Creates a simple OTU table from Kraken2 reports. It extracts the OTU names and their read counts.
This script extracts read counts and OTU (species, genus or else) names from every kraken2 report file found in a given folder, and summarizes it in one OTU table (rows are OTUs, columns are samples).
usage: kraken2otu.py [-h] --inputfolder INPUTFOLDER --level LEVEL [--extension EXTENSION]
optional arguments:
-h, --help show this help message and exit
--inputfolder INPUTFOLDER, -i INPUTFOLDER
Input folder where report files can be found.
--level LEVEL, -l LEVEL
Taxonomic level to extract from kraken2 report.
--extension EXTENSION, -e EXTENSION
Extension of kraken2 report files. Default: .k2report
First, you have to generate reports with kraken2 by using --report and --use-names options enabled, then put the reports into one folder if they are not already there together.

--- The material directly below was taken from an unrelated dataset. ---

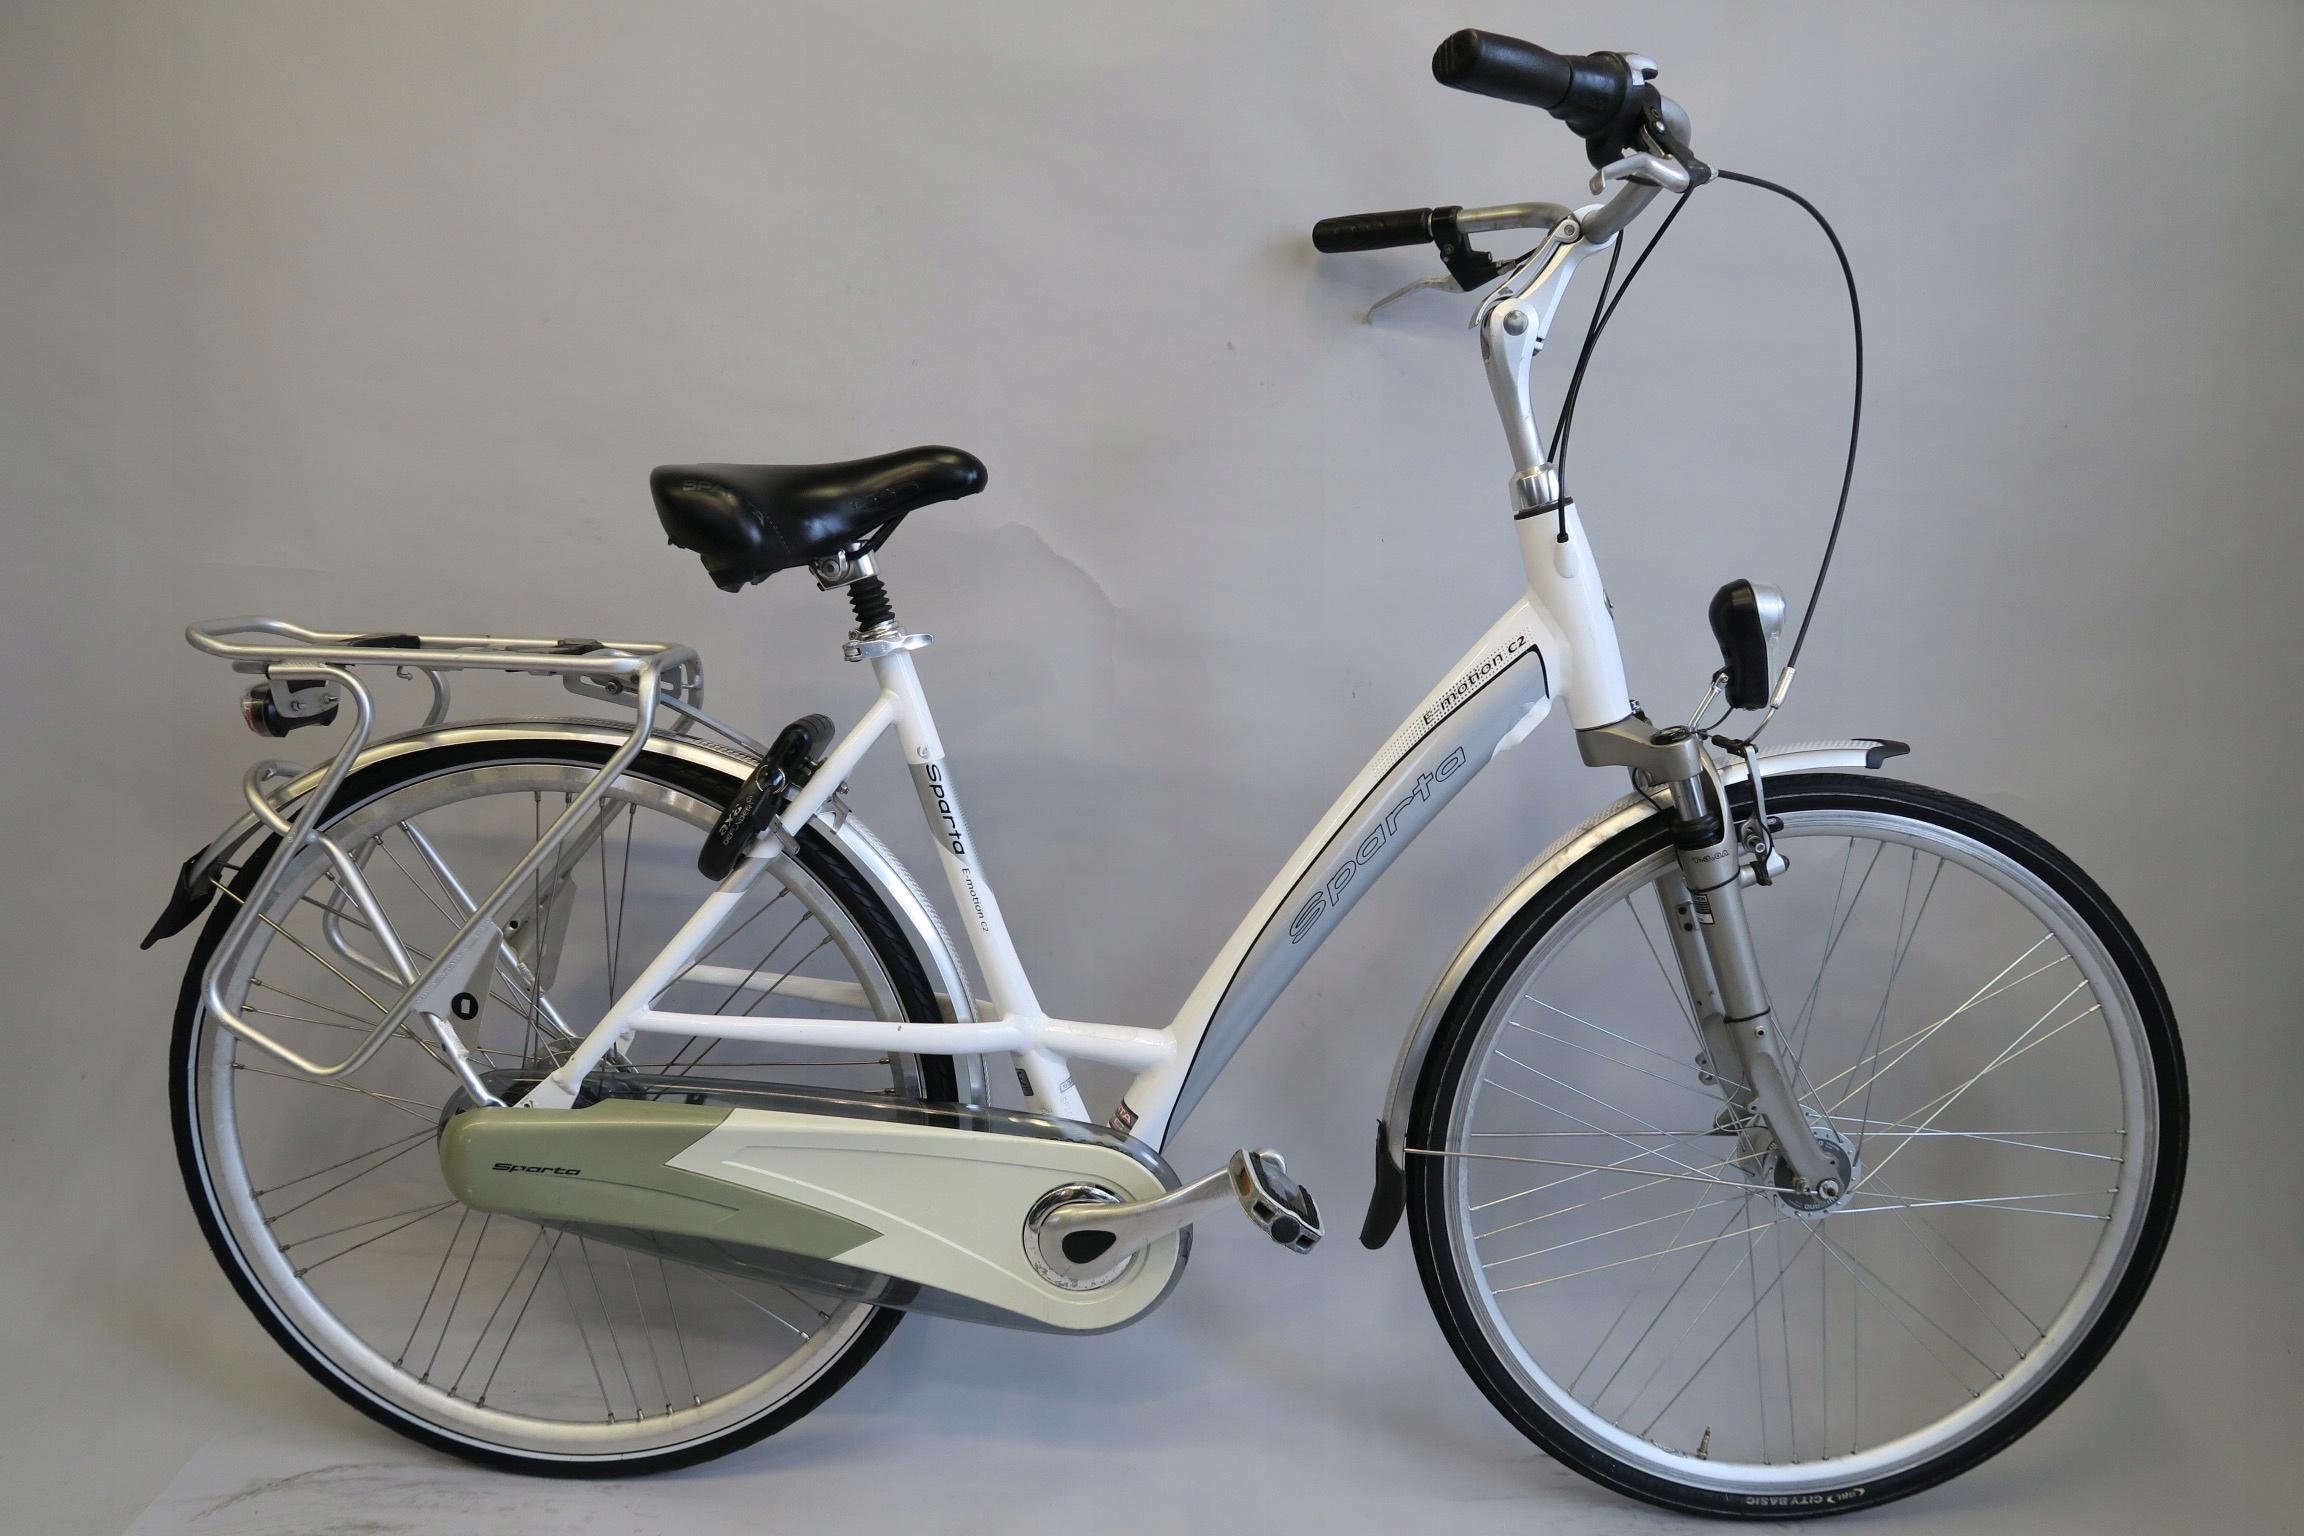 Markowy rower holenderski Sparta Emotion Nexus 8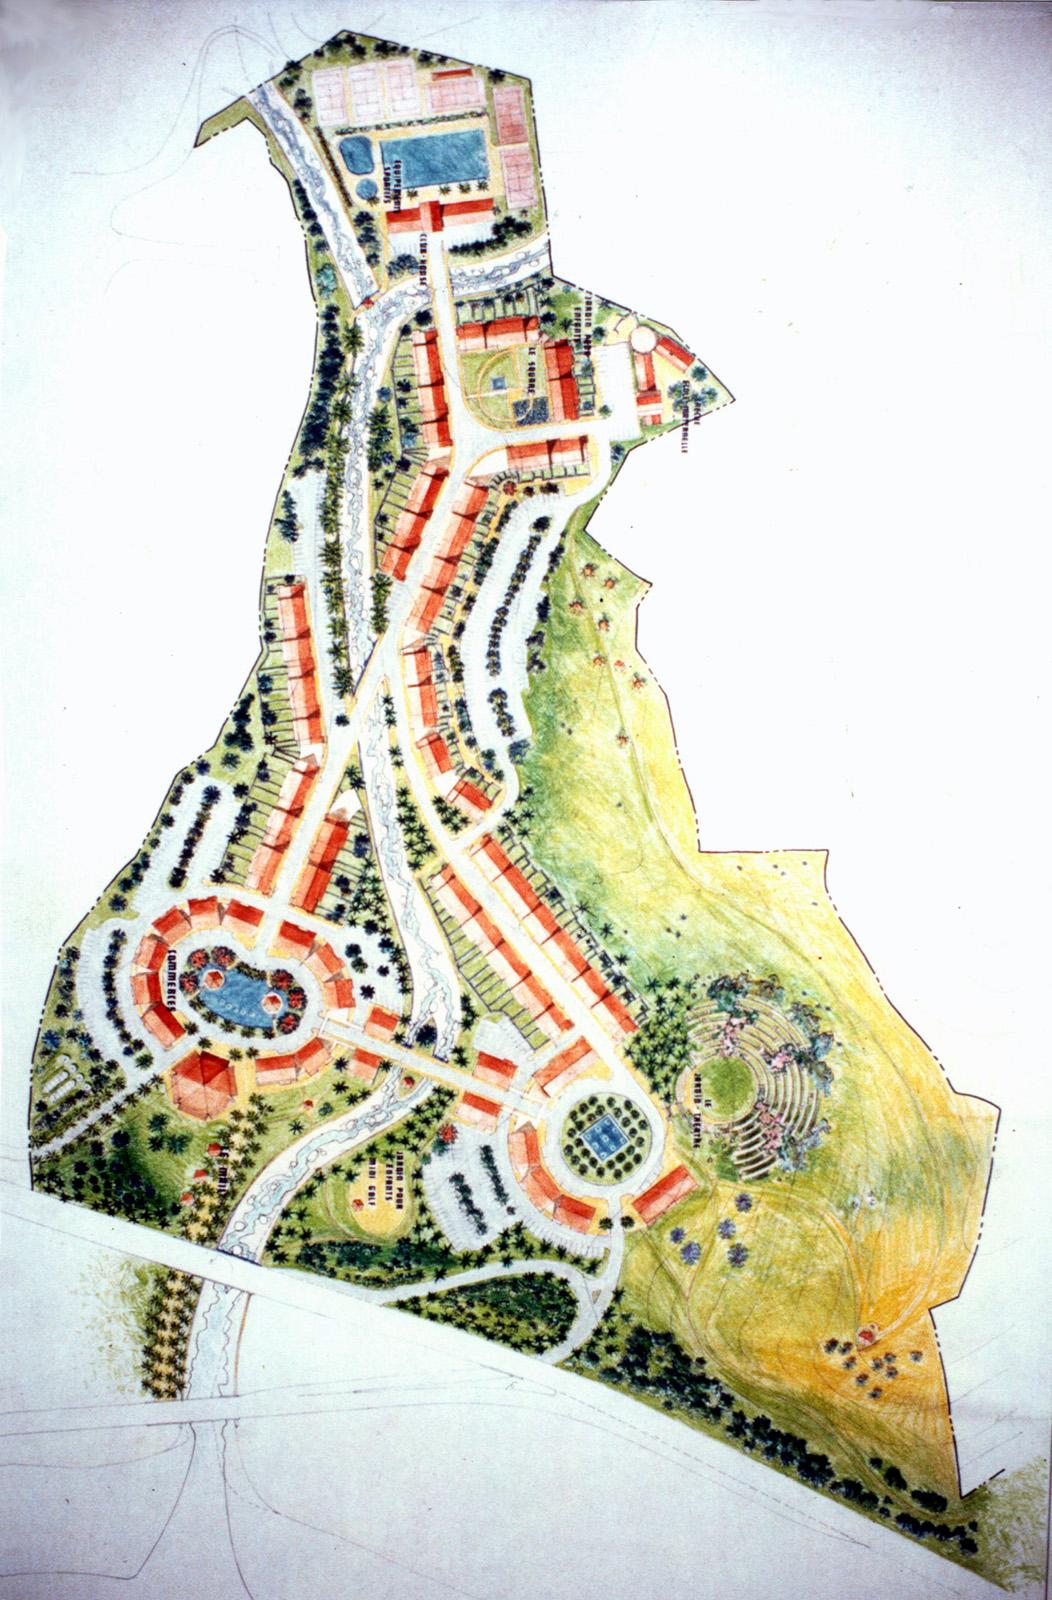 plan-de-masse-Boucan-Canot

The script needs two arguments. One argument is the directory, where kraken2 reports can be found. The other needs to be the desired level, like G, S, P, G1 etc... Output file will be placed into the input directory. Sample names will be the filenames without extension.
Example:
python3 ./kraken2otu.py --inputfolder ./ --level g
This command will create one file, containing the OTUs of given level. Example for genus: From this (EB1-211103.k2report):
72.33 440048 440048 U 0 unclassified
27.67 168354 0 R 1 root
27.67 168354 0 R1 131567 cellular organisms
27.67 168354 1454 D 2 Bacteria
23.46 142758 1804 P 1224 Proteobacteria
17.38 105738 1070 C 1236 Gammaproteobacteria
8.18 49747 24 O 72274 Pseudomonadales
5.35 32566 36 F 135621 Pseudomonadaceae
5.33 32447 4268 G 286 Pseudomonas
2.01 12219 3539 G1 196821 unclassified Pseudomonas
...
to this: (otu_table_G.tsv)
OTU EB1-211103 EB2-211103
Pseudomonas 32447 67432
Azotobacter 54 5324
Permianibacter 13 621
Oblitimonas 11 534
Entomomonas 5 52
Acinetobacter 16974 16974
Psychrobacter 79 96
Moraxella 70 70
Shewanella 24114 24114
- Bracken's reports also can be used as input.
- Probably it works with Kraken 1 too, but I did not have the oppurtunity to try it.
The data here are from one file, I changed some values in EB1-* to get EB2 just to show how it works. It works fast with many files too.